Deposition testimony indicates that, shortly before 11:50 a.m., defendant Officer Dennis Bobby was on his way to the men’s room at the police station when he heard the shaking of cell bars and yelling coming from one of the prisoners’ cells. Officer Bobby went into the men’s room for a few minutes and then decided to check on what the prisoner wanted. He discovered decedent hanging by his socks. Officer Bobby yelled for help and tried to lift decedent up by his waist to alleviate the pressure from his neck. Defendant Officer Michael Kerr arrived and tried to untie the knot but it was drawn too tight. Officer Bobby yelled for a knife so that decedent could be cut down from the noose. Defendant Officers David Bartley and Thomas Houghton responded to Bobby’s calls for help. Officer Houghton then ran out and called for an ambulance. Decedent was eventually cut down from the cell bar and the officers attempted to administer cpr. Their efforts were unsuccessful and decedent was later pronounced dead on arrival at the hospital.

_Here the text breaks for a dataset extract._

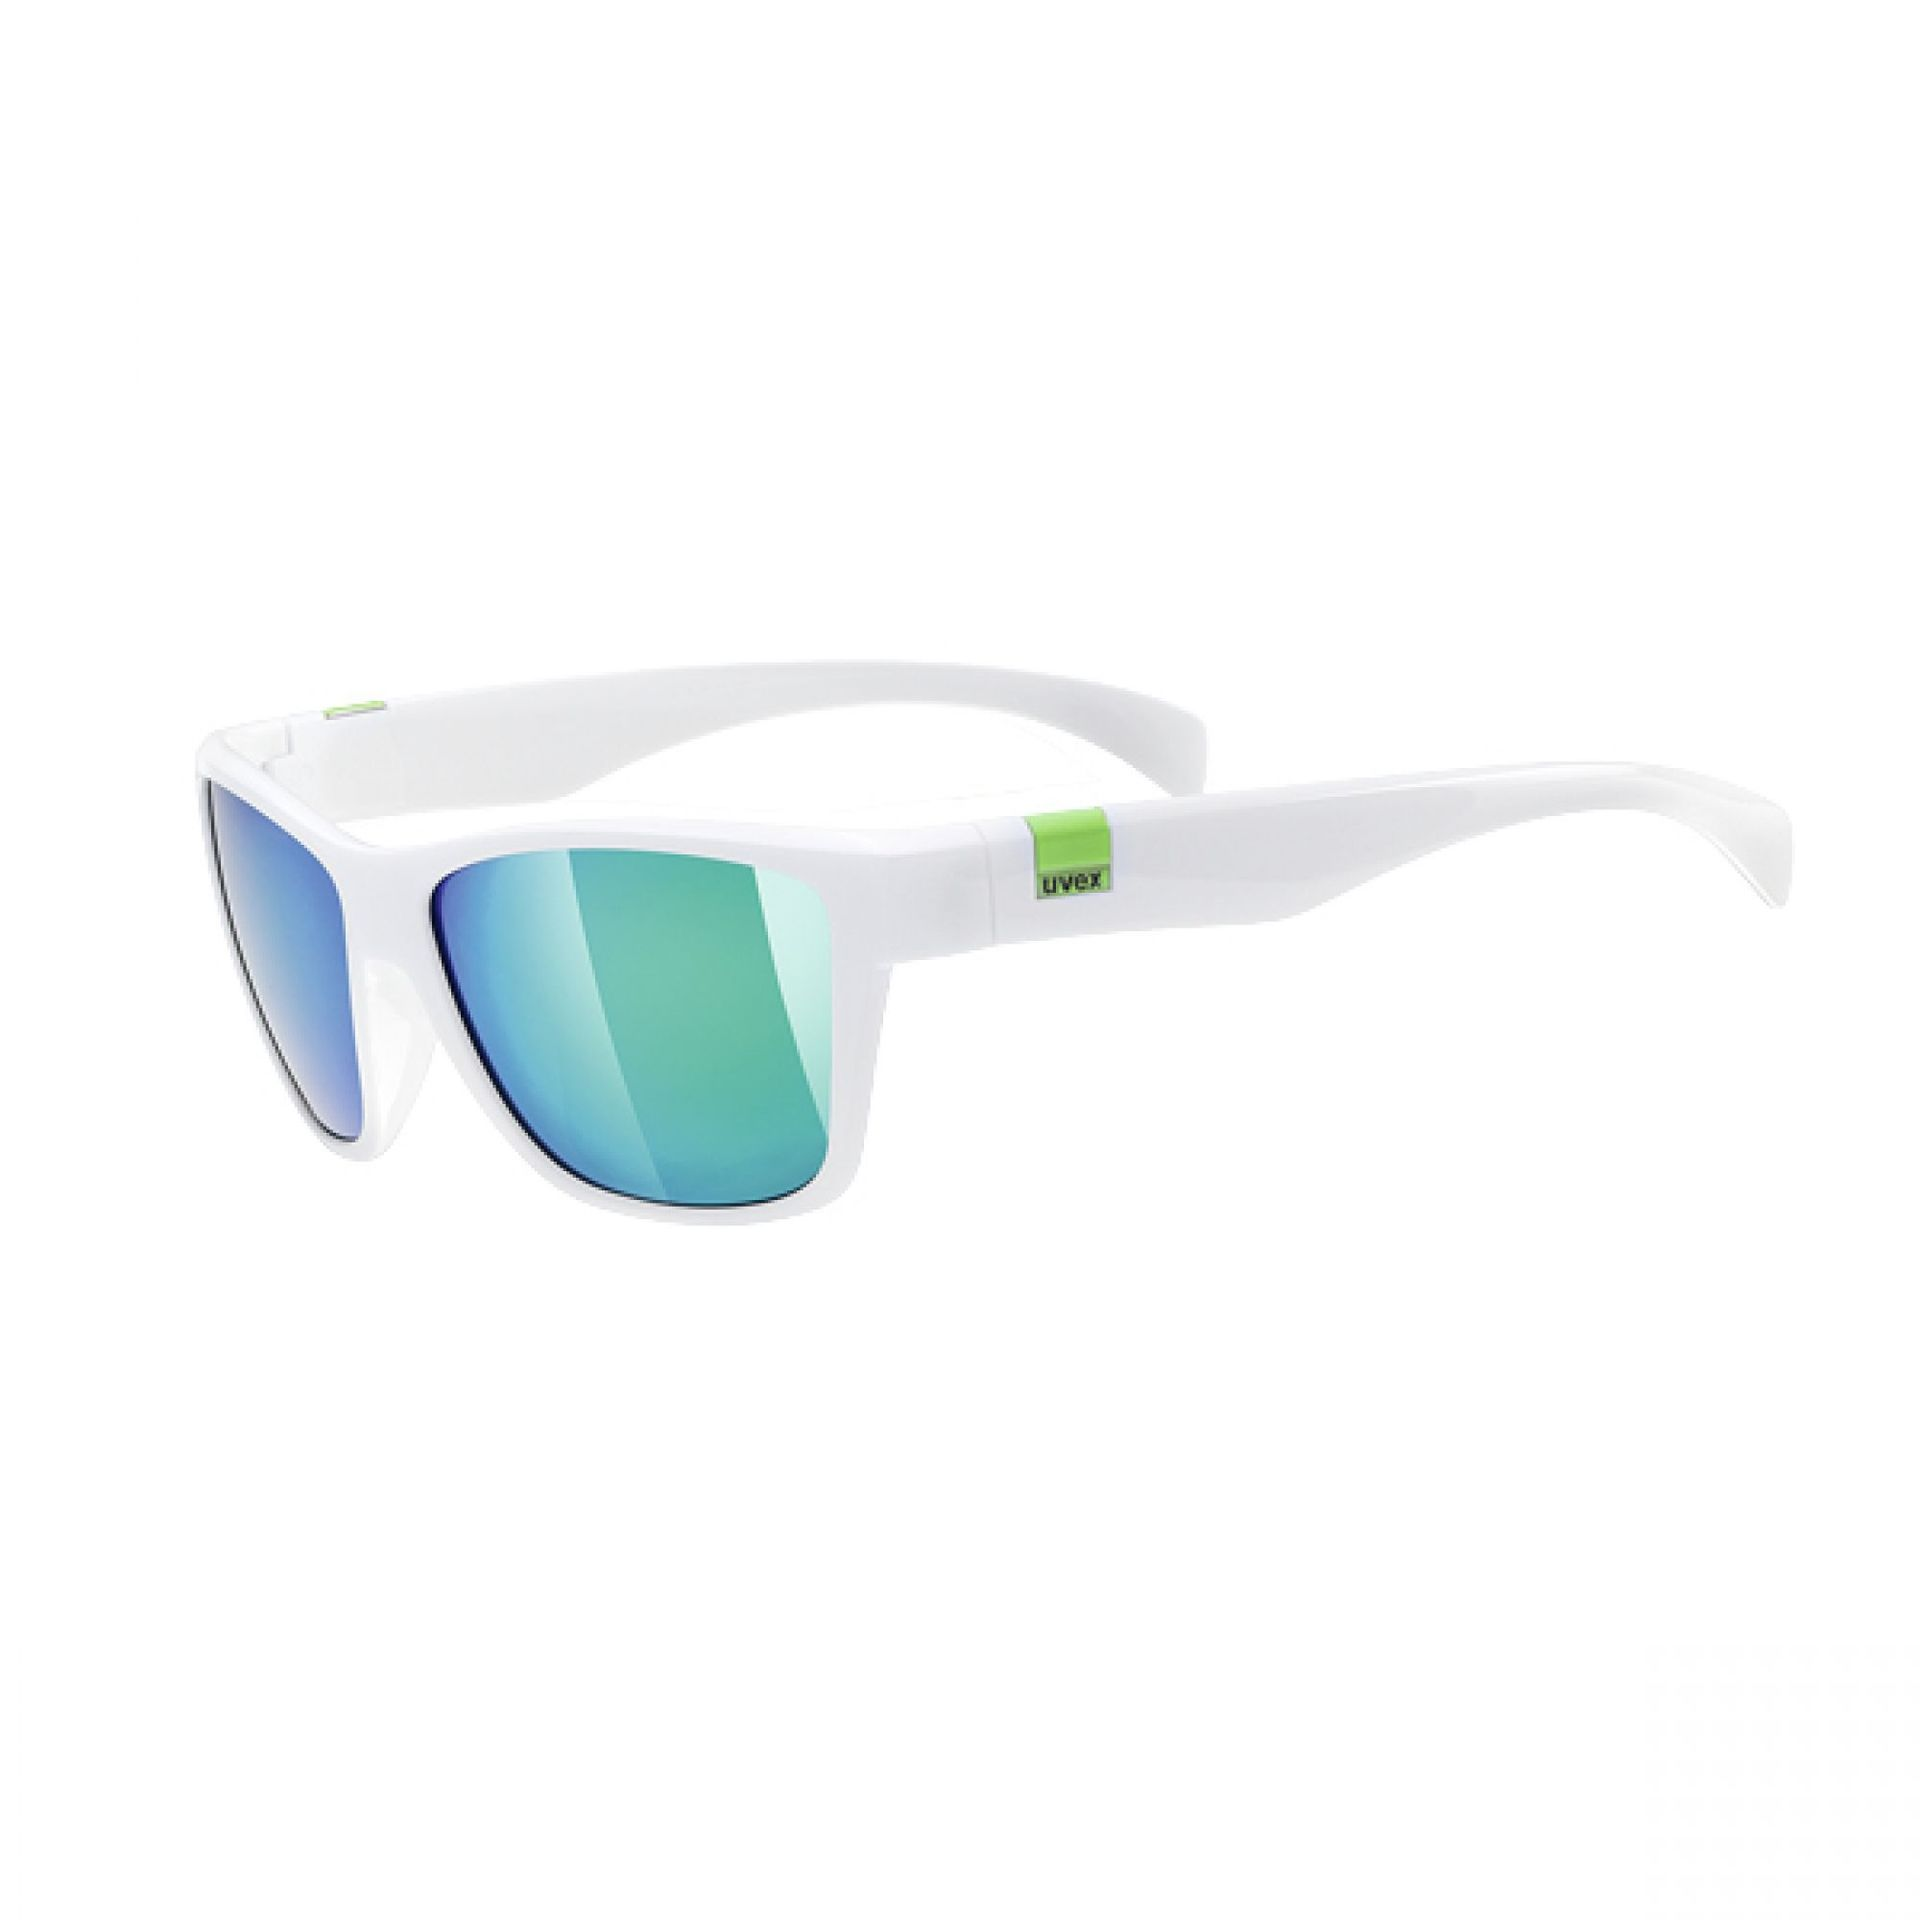 Okulary Uvex LGL 1
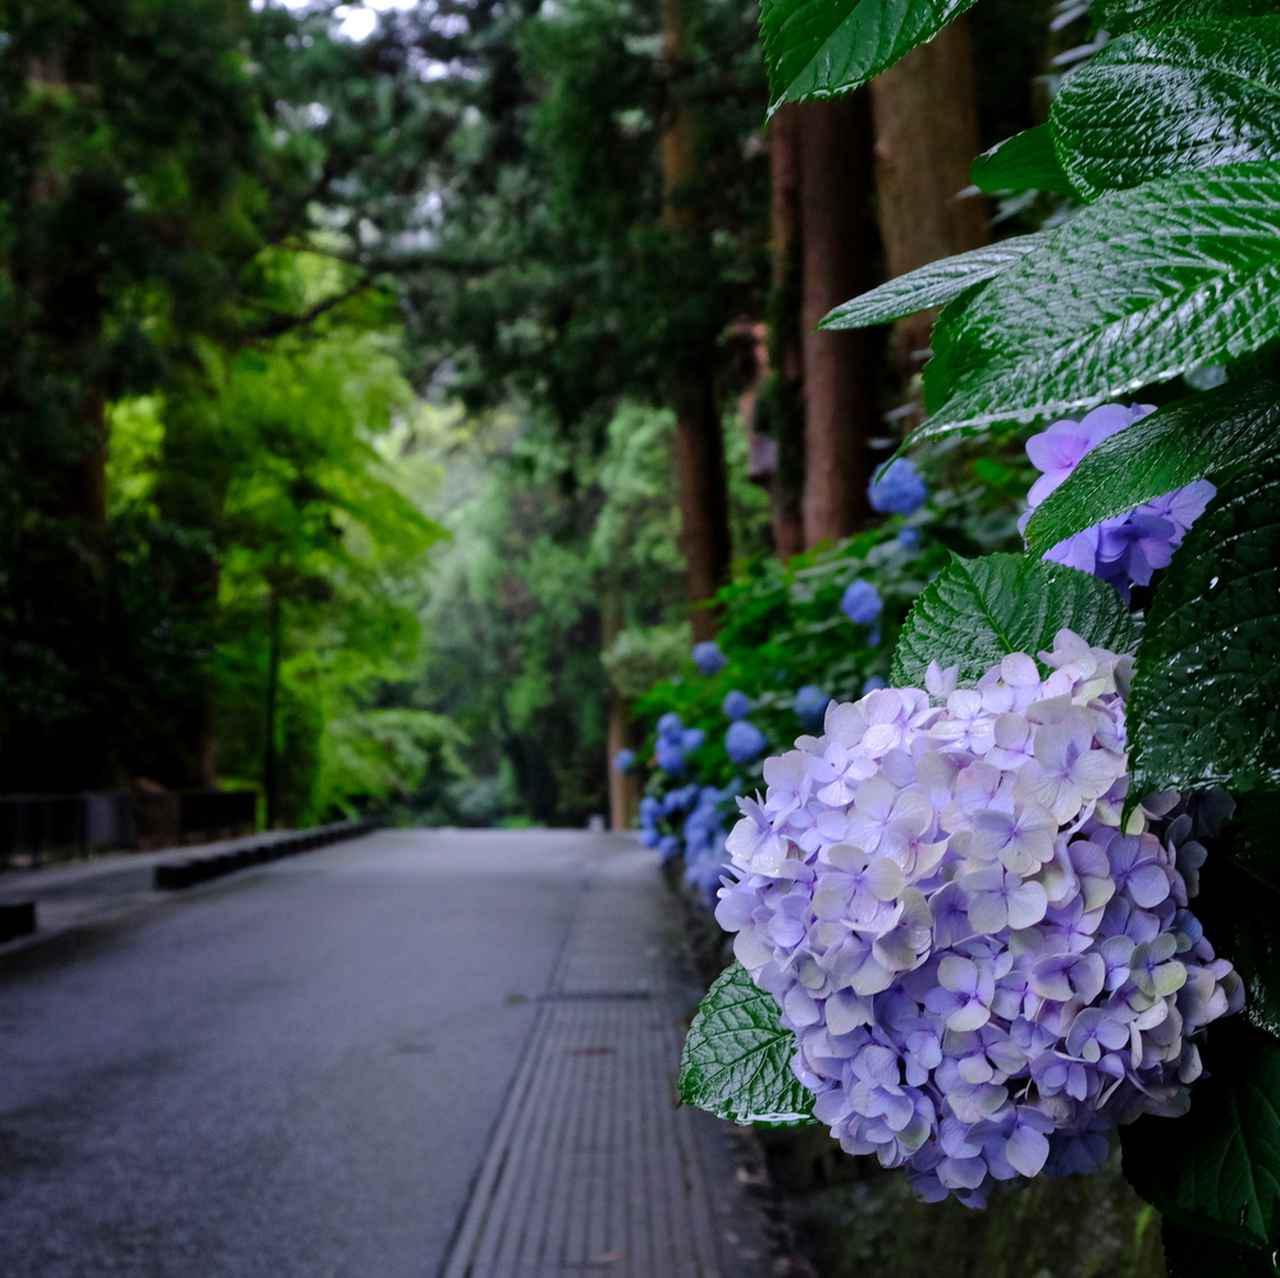 画像: さて次のスポットは「瑞鳳殿」。雨が似合うアジサイがあちらこちらに咲いています。ここは、独眼竜で知られる仙台藩初代藩主伊達政宗の御霊が祀られる霊屋です。

On June 25, 1979, decedent’s mother, Celestine Roberts, brought an action in the United States District Court for the Eastern District of Michigan, seeking damages under 42 USC 1983, as well as under state claims of negligence, gross negligence *572and defective design of the lockup facility. The original complaint named the City of Troy, Troy Police Chief Forrest O. Fisher, and John Does i through v as defendants. On July 2, 1980, the complaint was amended to include Officers Kerr, Houghton, Bartley, and Bobby and Mendham as defendants. Decedent’s brother Wesley Roberts became personal representative of decedent’s estate when Mrs. Roberts died.
On May 21, 1982, the United States district court entered a memorandum opinion and order in which it: (1) granted summary judgment to defendants Kerr, Houghton, Bartley, Bobby and Mend-ham on plaintiffs federal civil rights claims; (2) granted summary judgment to defendant Fisher on plaintiffs state law claim on the basis of governmental immunity; (3) granted summary judgment to the City of Troy on plaintiffs claim that it was vicariously liable for the ultra vires conduct of defendant Fisher; (4) dismissed the other pendent state law claims; and (5) denied summary judgment to defendants City of Troy and Fisher on plaintiffs federal civil rights claims.
The case proceeded to a jury trial on plaintiffs federal civil rights claims against the City of Troy and Fisher. On March 7, 1983, the jury returned a verdict of no cause of action in favor of defendants and judgment was entered on the verdict. After several posttrial motions, plaintiff appealed the May 21, 1982, order and jury verdict to the United States Court of Appeals, Sixth Circuit.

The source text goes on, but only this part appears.